Gaming Industry Outlook 2019: Mergers, Sports Betting Expansion, and Japan
Posted on: January 1, 2019, 06:00h.
Last updated on: January 2, 2019, 06:45h.
The gaming industry landscape is poised to again undergo new and expanded vistas in the 12 months ahead.
Which gaming directions will most likely define the industry in 2019?
1. Continued Expansion and Consolidation
Casino operators continue to extend their reach across the US, as regional markets become more and more saturated and the need to make up lost profits by sheer property volume becomes increasingly important.
Many new gaming floors opened in a host of states in 2018 — most notably the MGM Springfield in Massachusetts, and the Hard Rock and Ocean Resort in Atlantic City. But more are on the way, including:
The Massachusetts-based Encore Boston Harbor, a $2.6 billion resort from Wynn Resorts, is expected to open in June 2019. The state’s Gaming Commission is in the process of determining if the company purposely withheld knowledge of its billionaire founder’s alleged decades of sexual misconduct during the operator’s 2013 bidding for its casino gaming license. The fate of the $2.6 billion integrated resort known as Encore Boston Harbor will likely be decided in early 2019. A lawsuit filed by Wynn against the MGC and the company he founded delayed the state’s investigation.
Five satellite casinos — each permitted to house up to 750 slot machines and 30 table games — are coming to rural Pennsylvania towns next year. The mini-casinos were authorized under the state’s massive gambling expansion passed in the fall of 2017 that also legalized online gambling, airport gaming terminals, slot machines at certain truck stops, daily fantasy sports, and created sports betting regulations.
A $405 million tribal casino is in the works in Wisconsin. The Ho-Chunk Nation will be the tribe’s seventh and largest gaming property, with more than 2,200 slot machines.
2. Saturation Situation
The gaming industry has led to consolidation among operators, with Penn National remaining at the forefront in that arena. This past fall, the regional operator completed a deal to acquire Pinnacle Entertainment for $2.8 billion.
Caesars has also been the subject of merger talks, with MGM Resorts the latest party rumored to be interested. In October, Caesars rejected a merger offer from Golden Nugget billionaire Tilman Fertitta.
3. PASPA Falls
2018 will be remembered as the year the US Supreme Court (SCOTUS) struck down the longstanding federal ban and returned power to individual American states to create legalized frameworks for sports betting within their own borders.
Since the mid-May overturn, a half-dozen states have joined Nevada in permitting full-fledged sports betting.
In 2019, sports betting is expected to again find its way to DC, as Congress has been pressured by the NCAA and “big four” US pro sports leagues to form a set of regulatory framework that states must opt into.
Sen. Orrin Hatch (R-Utah) introduced legislation in December that would require states to obtain approval from the US Attorney General’s office to operate sports betting.
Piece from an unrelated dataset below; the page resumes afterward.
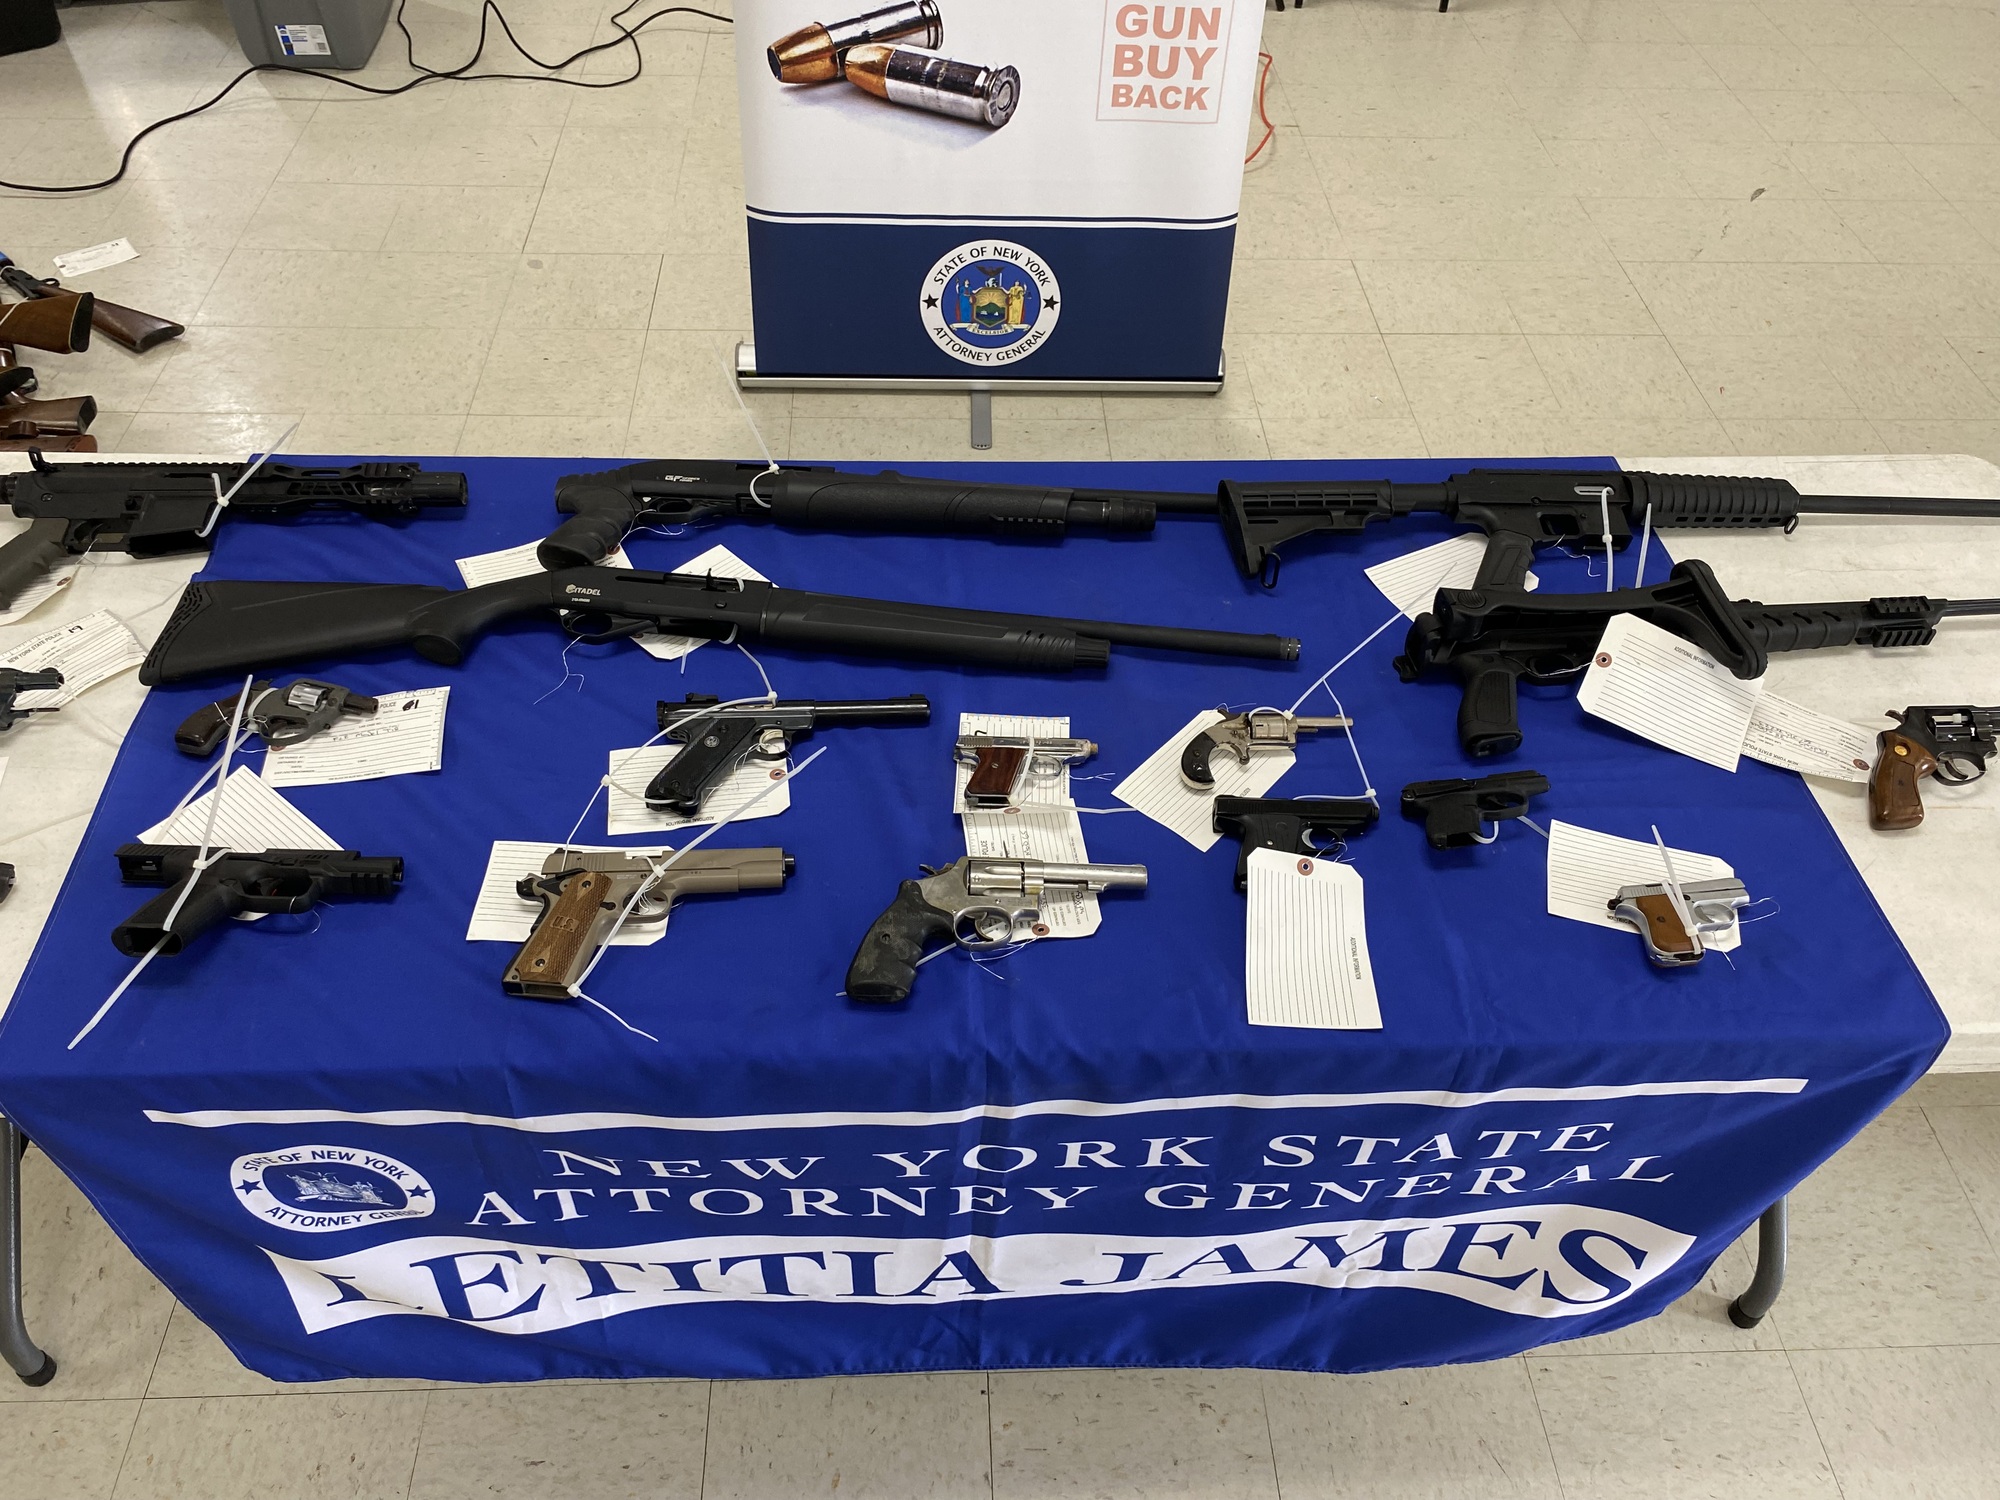 Table with a dozen firearms laying on it

Any federal legislation would then take precedence over state laws. At least in theory: the marijuana industry has put that premise on its head.
Regardless — or perhaps having seen the financial and regulatory mess that the state-by-state, federally illegal pot business has garnered — the gaming industry will push back hard to block federal intervention.
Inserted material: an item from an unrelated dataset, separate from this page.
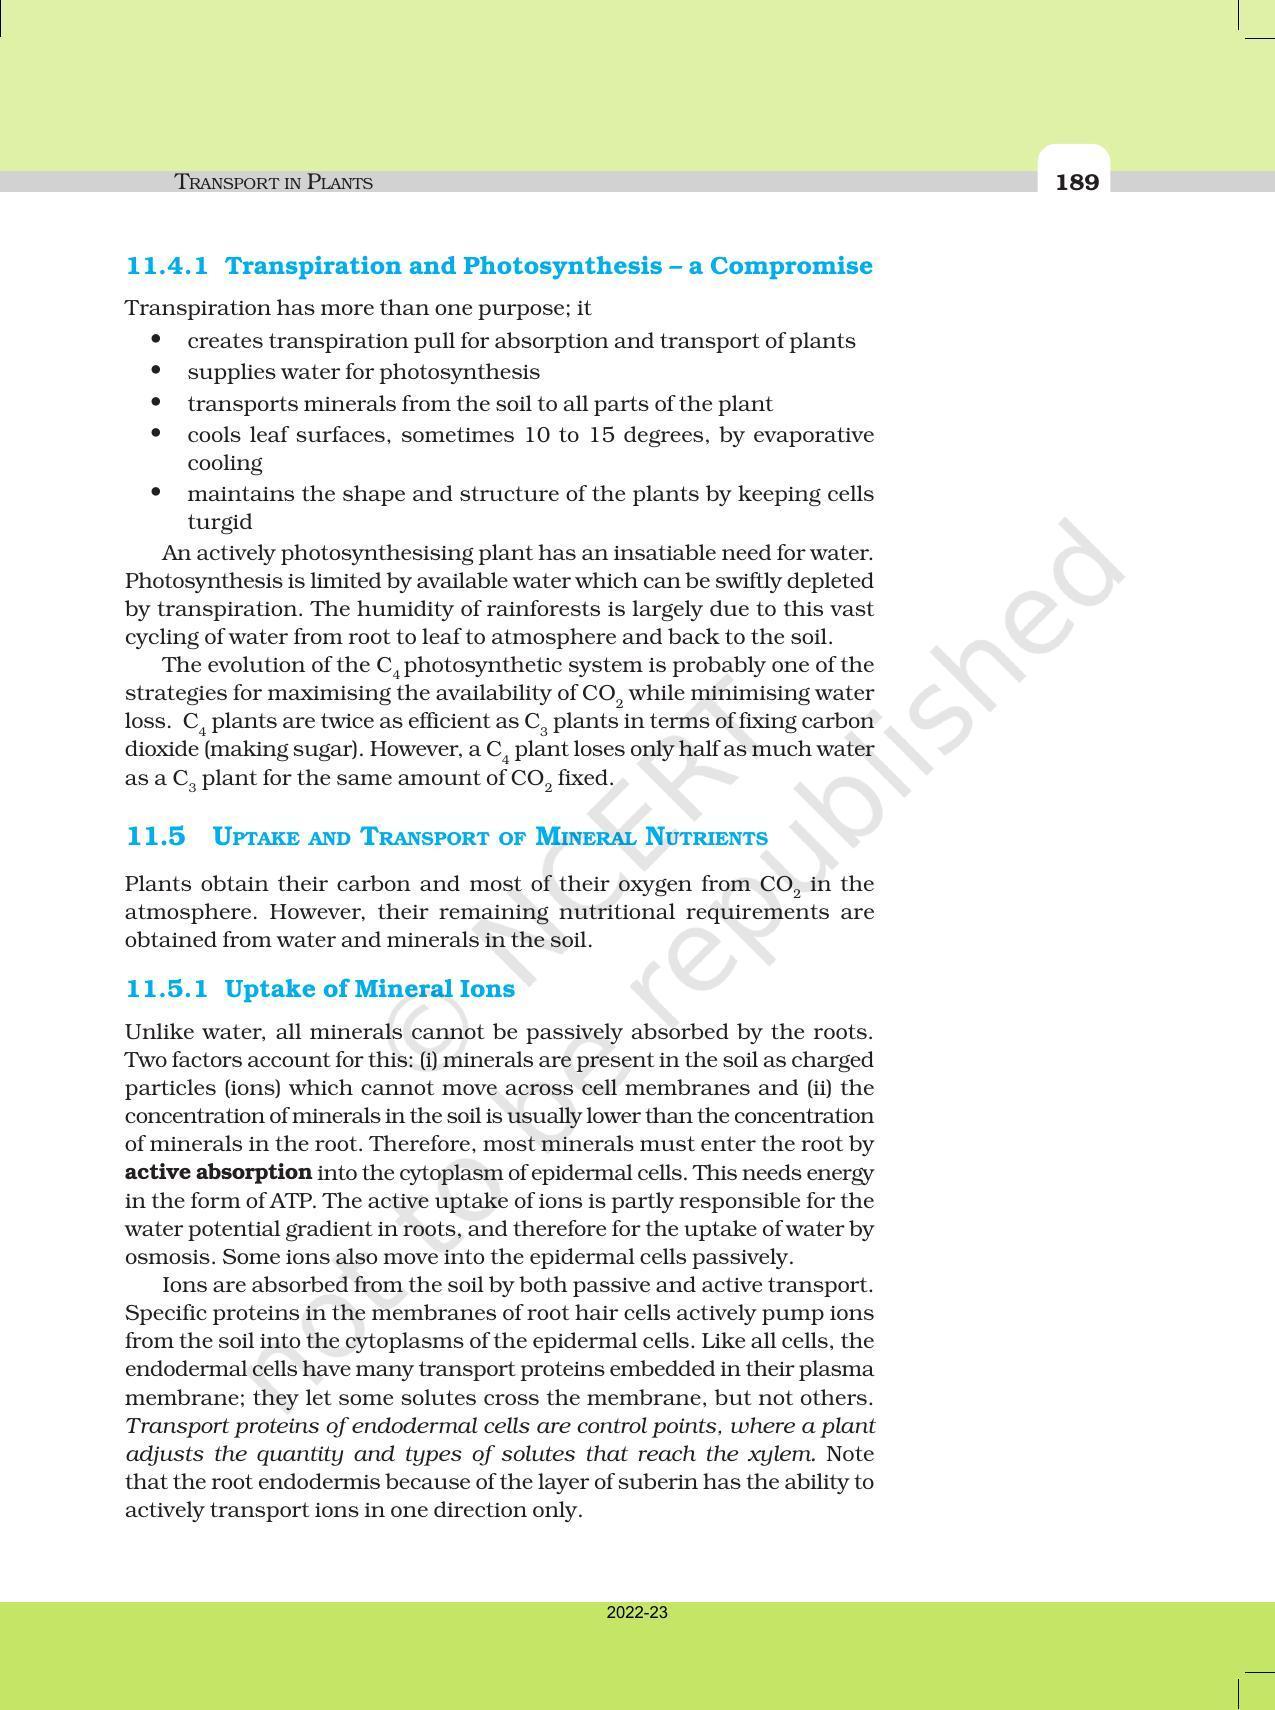 NCERT Book for Class 11 Biology Chapter 11 Transport in Plants - Page 17

Another potential issue Congress could take up is again revisiting the Wire Act, the federal law that prohibits any person or business from engaging in betting using “wire communication facilities” to transmit bets through “interstate commerce.”
A 2011 Department of Justice opinion said the Wire Act applied only to sports betting, which essentially gave states the power to legalize online casinos, but that opinion could potentially be reversed, unlikely though it may seem.
4. Japan Integrated Resorts
The world’s major casino operators remain fixated on Japan, the country that recently legalized three commercial integrated resorts (IRs) to be built in the Asian nation.
The country’s National Diet — its version of Congress — signed off on Prime Minister Shinzo Abe’s Integrated Resorts Implementation Bill last summer. The legislation authorizes three multibillion-dollar casino complexes, taxes gross gambling revenue at 30 percent, and requires Japanese residents pay a ¥6,000 (US $56) entrance fee per visit.
Las Vegas Sands and MGM Resorts are the two frontrunners for licensing. Both operate in Macau, and have vast experience in the operation of multibillion-dollar properties. Other presumed bidders on the shortlist include Wynn Resorts (whose chances may have been affected by 2018’s nonstop scandal headlines), Caesars Entertainment, Melco Resorts, Galaxy Entertainment, Hard Rock, and Genting.
Along with the casino operators readying their bids, Japanese cities are jockeying to welcome one of the properties. Osaka is a leading contender after landing the 2025 World Expo.